EDIT: For additional context, the end goal of all of this is to train a pre-trained model like this with local images divided into folders named after their classes.编辑:对于额外的上下文,所有这些的最终目标是训练一个像这样的预训练模型,将本地图像划分为以类别命名的文件夹。 If there is a better way that includes not using that function and meets this end goal, it's welcome all the same.如果有更好的方法,包括不使用该功能并满足此最终目标,则同样欢迎。 Thanks!谢谢!

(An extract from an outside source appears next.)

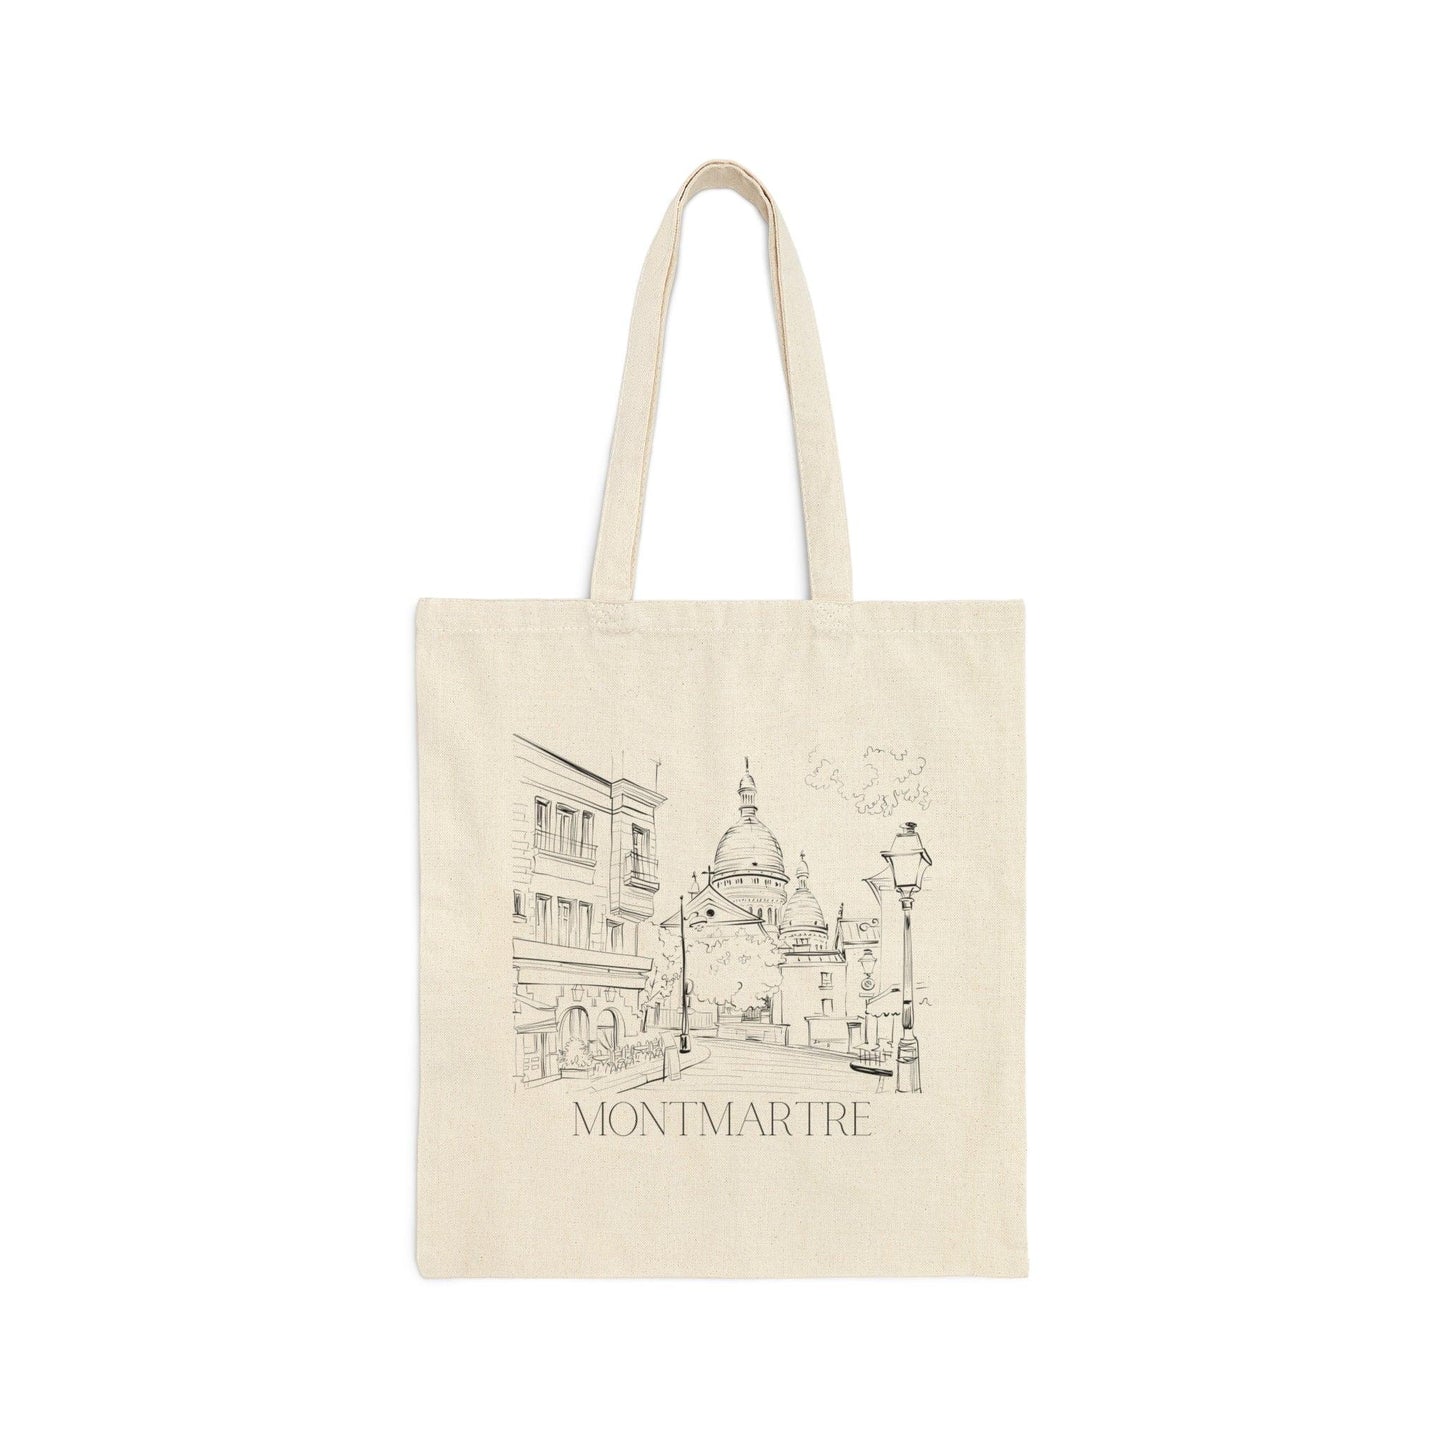 Montmartre Paris Canvas Tote Bag - Departures Print Shop
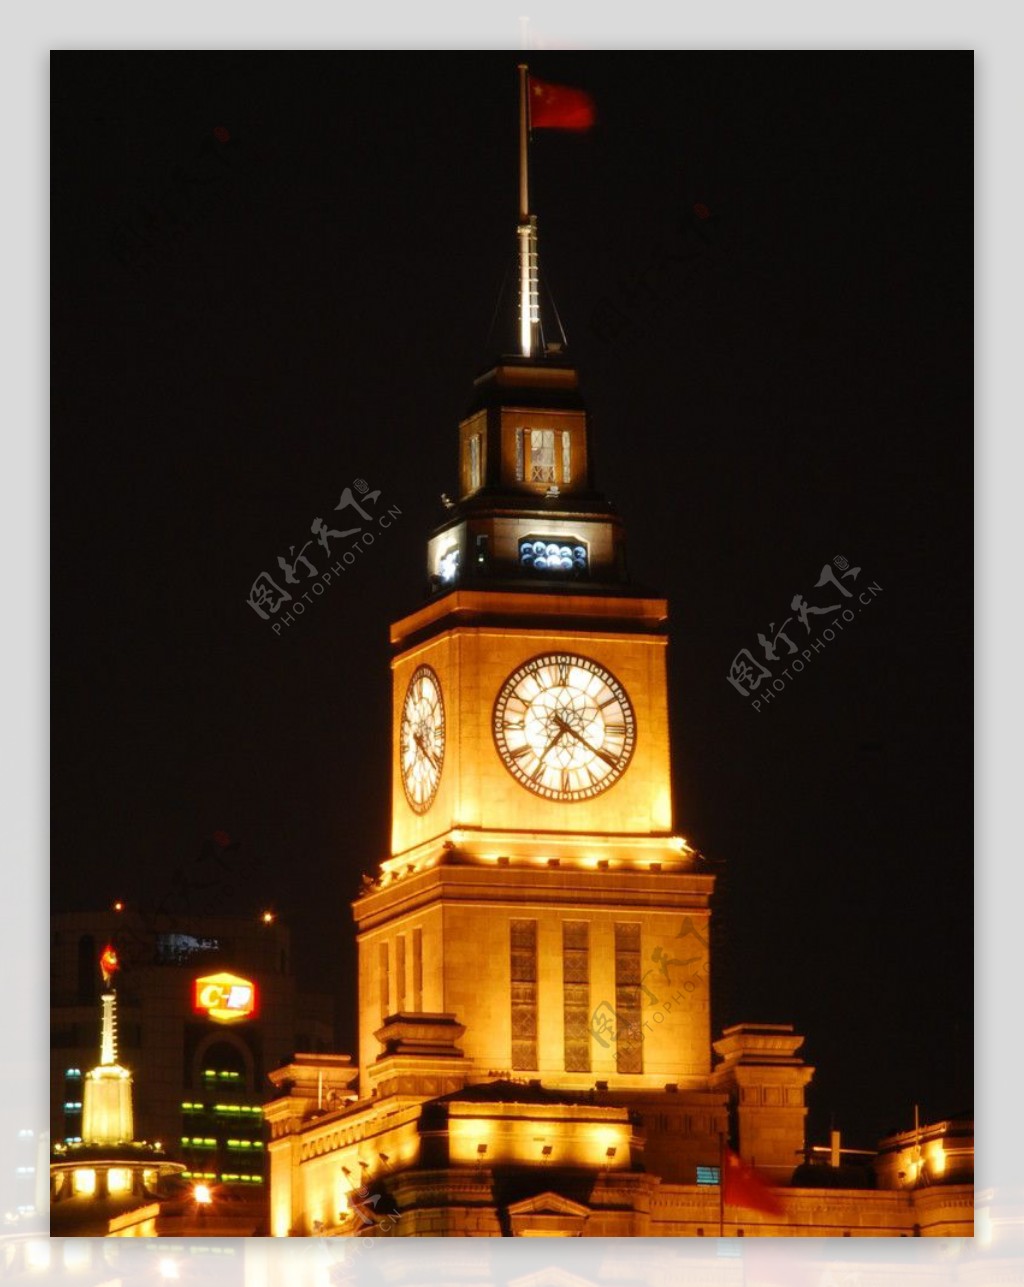 黄埔江边的钟楼夜色图片

I think it would be much easier to use glob2 to get all your filenames, process them as you want to, then make a simple loading function that will replace image_dataset_from_directory .我认为使用glob2获取所有文件名,根据需要处理它们,然后创建一个简单的加载函数来替换image_dataset_from_directoryimage_dataset_from_directory

Get all your files:获取所有文件:

files = glob2.glob('class_*\\*.jpg')

Then manipulate this list of filenames as desired.然后根据需要操作此文件名列表。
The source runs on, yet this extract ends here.